> _GIVEN INFORMATION_
---*---
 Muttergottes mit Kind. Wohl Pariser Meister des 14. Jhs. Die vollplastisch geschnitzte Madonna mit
---*---
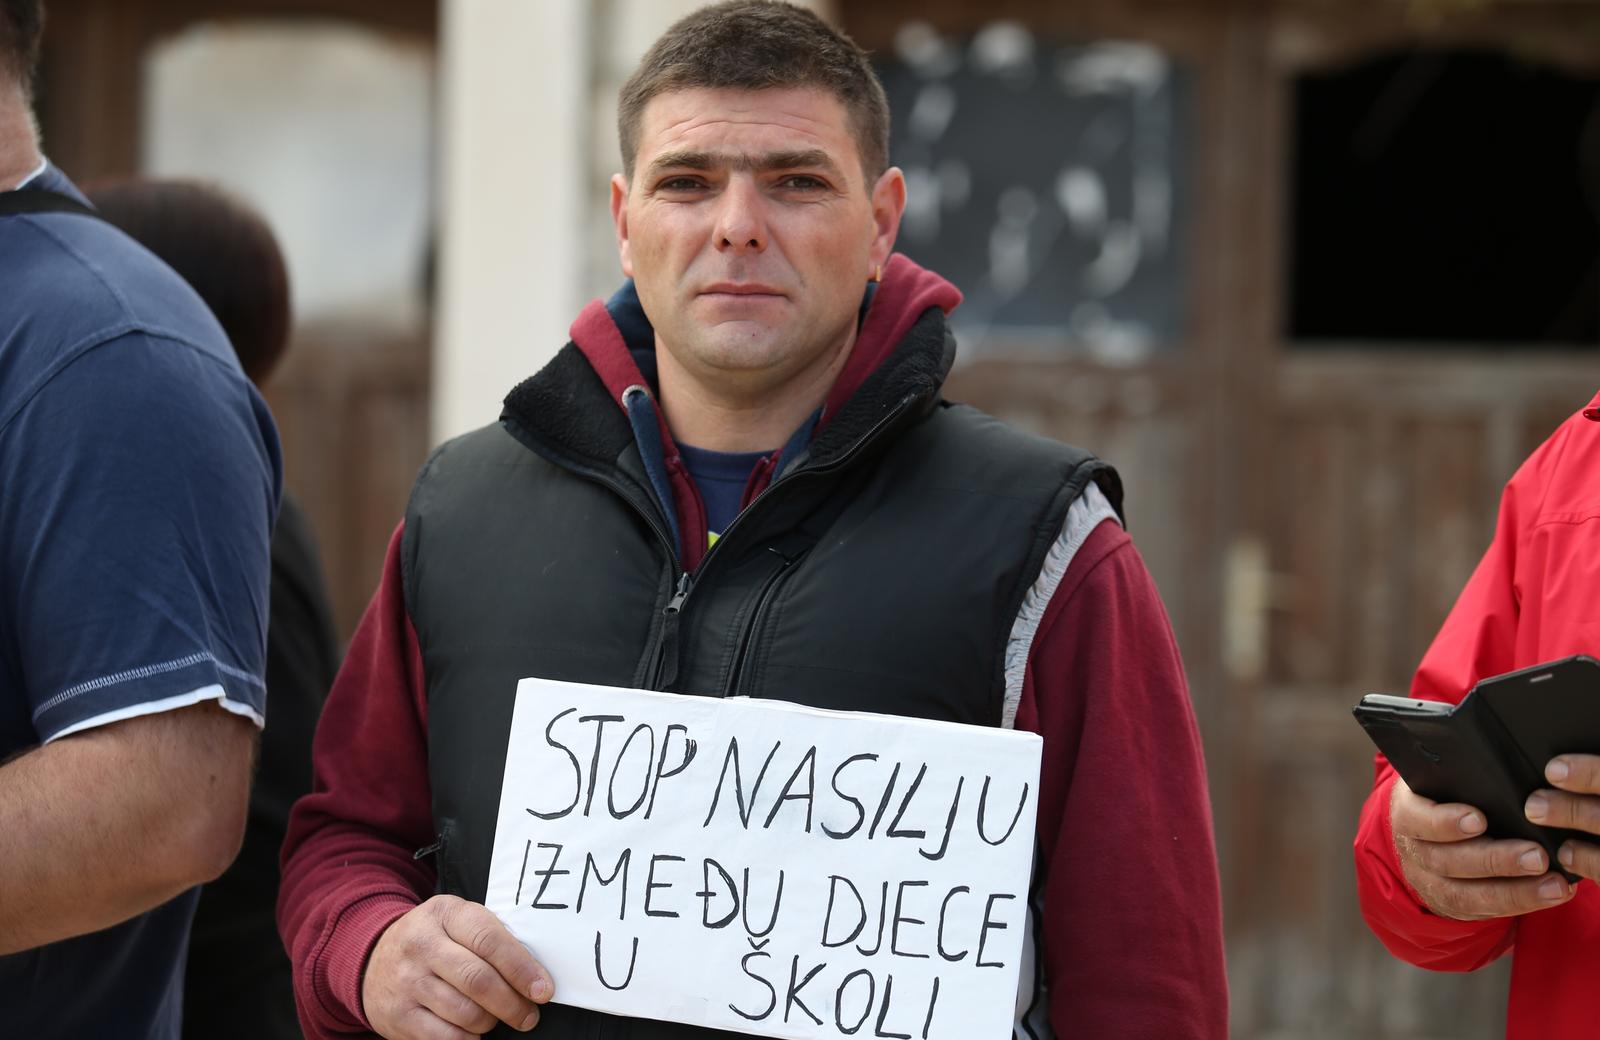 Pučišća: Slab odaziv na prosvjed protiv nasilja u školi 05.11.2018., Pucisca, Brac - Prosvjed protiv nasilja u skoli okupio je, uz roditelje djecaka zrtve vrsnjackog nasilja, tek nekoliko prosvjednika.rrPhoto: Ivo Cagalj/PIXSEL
---*---
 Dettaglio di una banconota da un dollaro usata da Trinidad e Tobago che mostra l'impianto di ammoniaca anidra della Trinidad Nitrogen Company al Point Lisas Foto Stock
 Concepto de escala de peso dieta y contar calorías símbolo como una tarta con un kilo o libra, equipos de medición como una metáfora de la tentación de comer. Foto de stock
---*---
The output should be exactly the lines above from the line containing "Dettaglio di una" to the line containing "Concepto de escala", inclusive, with no other lines.

 Dettaglio di una banconota da un dollaro usata da Trinidad e Tobago che mostra l'impianto di ammoniaca anidra della Trinidad Nitrogen Company al Point Lisas Foto Stock
 Concepto de escala de peso dieta y contar calorías símbolo como una tarta con un kilo o libra, equipos de medición como una metáfora de la tentación de comer. Foto de stock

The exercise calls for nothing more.